第69話 空の欠片 水の魂
お前ら久しぶりだな。暫らく見ないうちに中々良い面構えになったじゃねえか。
地下訓練施設の何階まで到達したんだ? なに、地下五階だと!?
錬金昇降機が地下訓練施設に開通した? 直通で地下五階まで行けるのか。ふんふん、なるほど。試験に受かれば錬金昇降機の利用許可証が貰えるのか。そりゃ便利な時代になったなぁ。
地下訓練施設の最深部には何があるかって? そんなモン、俺が知るわけないだろう。大魔王が待ち構えているんじゃないか? 『せかいのはんぶんをおまえにやろう』ってな。
お前ら、もう俺より強くなったんじゃねぇか? おや、謙遜なんて真似が出来るようになったか。
お前ら、成長したな。良いよなぁ若者は。俺なんて四捨五入したら三十路だもん。なんだよ、アラサーとか言うなよ。なんかリアルで嫌だ。
そう言やぁ、こないだ学院都市商工会の健康診断に行ってきたのよ。そこで俺の書類を見た受付のお姉さんにさぁ、「あら? 意外にお若いのですね」って言われたんだよ。どういう意味だよなぁ……
お前ら、来て早々に申し訳ないんだけど今日は早仕舞なんだよ。買いたい物があったら早く言ってくれ。これから魔導院の中央総合病院に用があってね。
再検査? 違うわ! そこまで検査結果は悪くなかったって。
見舞いだよ、見舞い。知り合いが入院しててね。うん、そんなに悪くは無いんだが、入院中に一回くらいは見舞いに行かないとな。
*****
魔導院中央総合病院は、外科や内科は当然として、耳鼻科、眼科、小児科、産婦人科など五十以上の診療部門に病床数一千床を超える大病院だ。医学部も併設され、魔導院薬学科との連携も取れている。
広大な敷地に立つ病院は、連絡通路で魔導院とも繋がっていて遠目には同じ建物にも見える。三階までが外来で、そこから上が病棟だ。案内看板を見る限り最上階は十四階だった。
広い正面玄関の前には庭園の様な庭が拡がり、遊歩道が整備されている。ベンチも点在しているが、さすがに冷え込んだ季節の夕方には入院患者の姿は無い。
ここに来たのは久しぶりだ。婆ちゃんが亡くなって以来だな。魔導院中央総合病院は基本的に重篤な患者しか受け付けない。受けるとしたら金持ちか、魔導院にとっての重要人物だろう。
もうじき日が暮れるというのに、広いロビーには老若男女、様々な種族が入り乱れていた。どんなに医術が、神聖術が、錬金術が発展しようが、人は病を患い、怪我を負い、いずれ死ぬ。
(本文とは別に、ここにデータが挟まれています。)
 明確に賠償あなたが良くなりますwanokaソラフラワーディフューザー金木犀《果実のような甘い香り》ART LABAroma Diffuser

院内には、数台の錬金昇降機が設置されていた。さすがは大病院だ。ルルティアの病室は最上階と聞いている。使わない手は無いだろう。
昇降機乗り場で最上階直通の錬金昇降機を待った。しっかし錬金昇降機、増えたなぁ。需要が増えたのか? 価格が下がったのか? 価格が下がったから需要が増えたのか? 経済ってのは生物だ。
気の抜けたチャイムが鳴り、鈍重な扉が開く。錬金昇降機の中にいたのは、俺より頭一つ高い色付き眼鏡と、俺より頭一つ低い真紅の髪。司令官と護衛か。
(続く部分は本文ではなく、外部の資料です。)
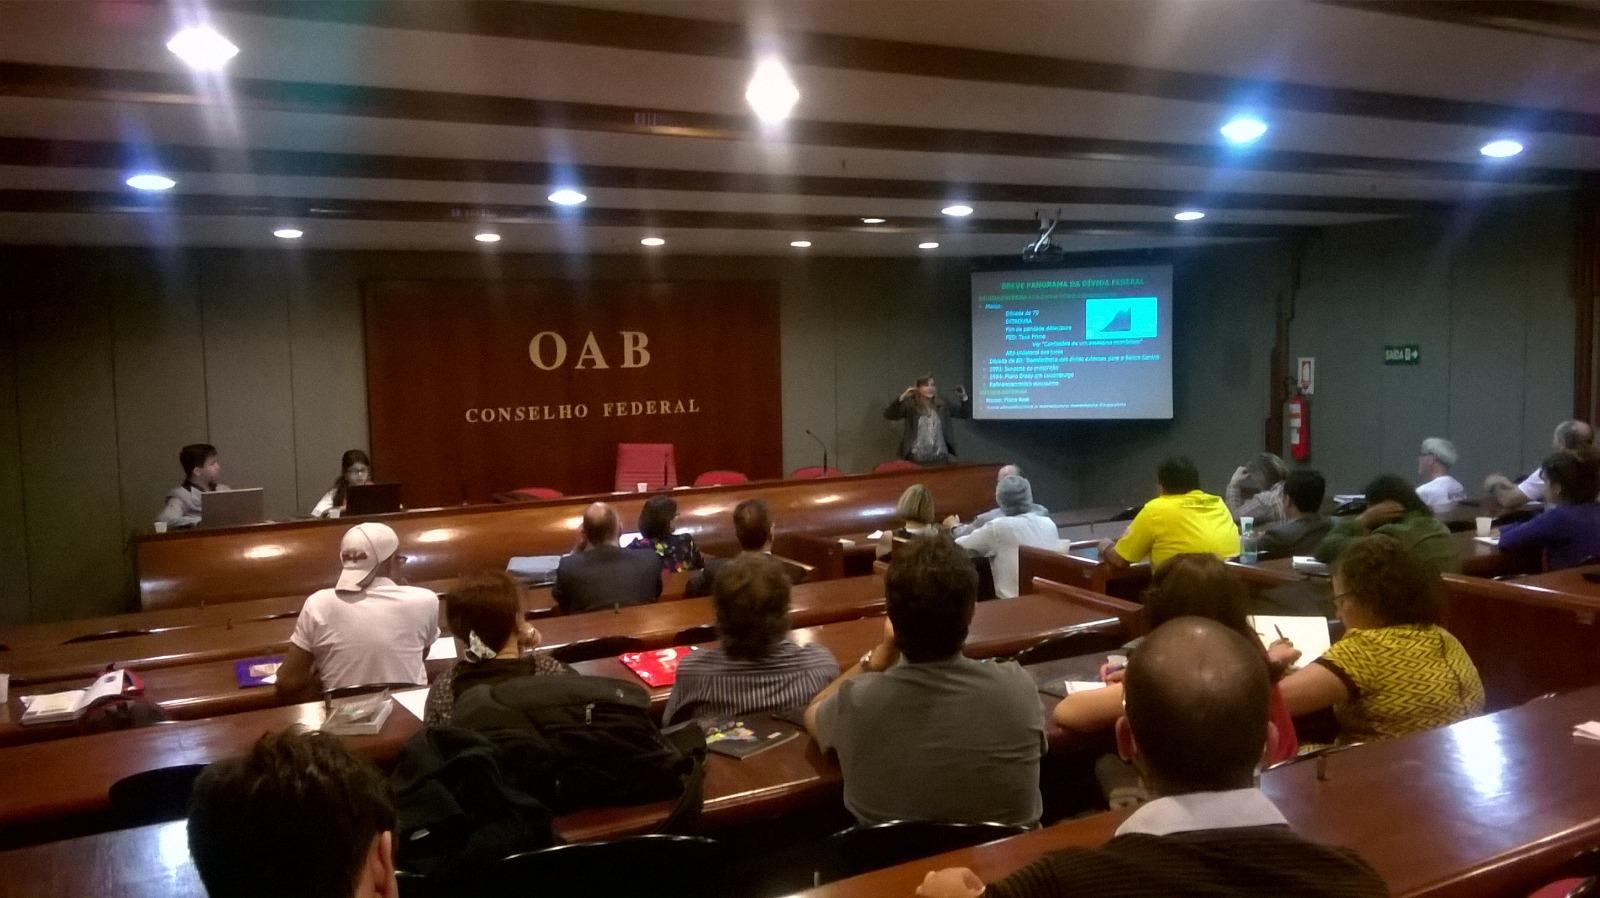 Reunião Dívida Pública em Brasília II 26-07-16

アイザック博士は、魔導院の教授陣の着る詰襟のスーツ、チビっ子は魔術師科の制服を着ていた。ローブの様な制服は、身体に合うサイズが無いのか完全に着られていた。
「おほっ! カースじゃないか。元気そうじゃないかい? おおっと、病院でいう台詞では無いな」
「博士、お久しぶりです。ルルティアの見舞いですか?」
「ん? ああ、入院中も研究を進めたいってね。見舞いがてらに資料や資材を持って来たんだ。いやぁ、彼女、研究者の鑑だよね。ルルティア君は、私の大切な娘みたいなものさ」
色付き眼鏡の奧は見通せないが、ルルティアの頭脳は博士にとって貴重な宝に違いないのだろう。
「そうですか。彼女は俺の大切な友人です」
「うんうん、これからもルルティア君と仲良くしてやってくれ。友情や愛情は人生を豊かにしてくれるよ。おおっと、扉が閉まる。シンナバル、行くぞ」
博士との立ち話の間中、赤毛の少年は、じいっと俺の顔を睨み続けていた。ァんだよ、やんのか? クソガキャ?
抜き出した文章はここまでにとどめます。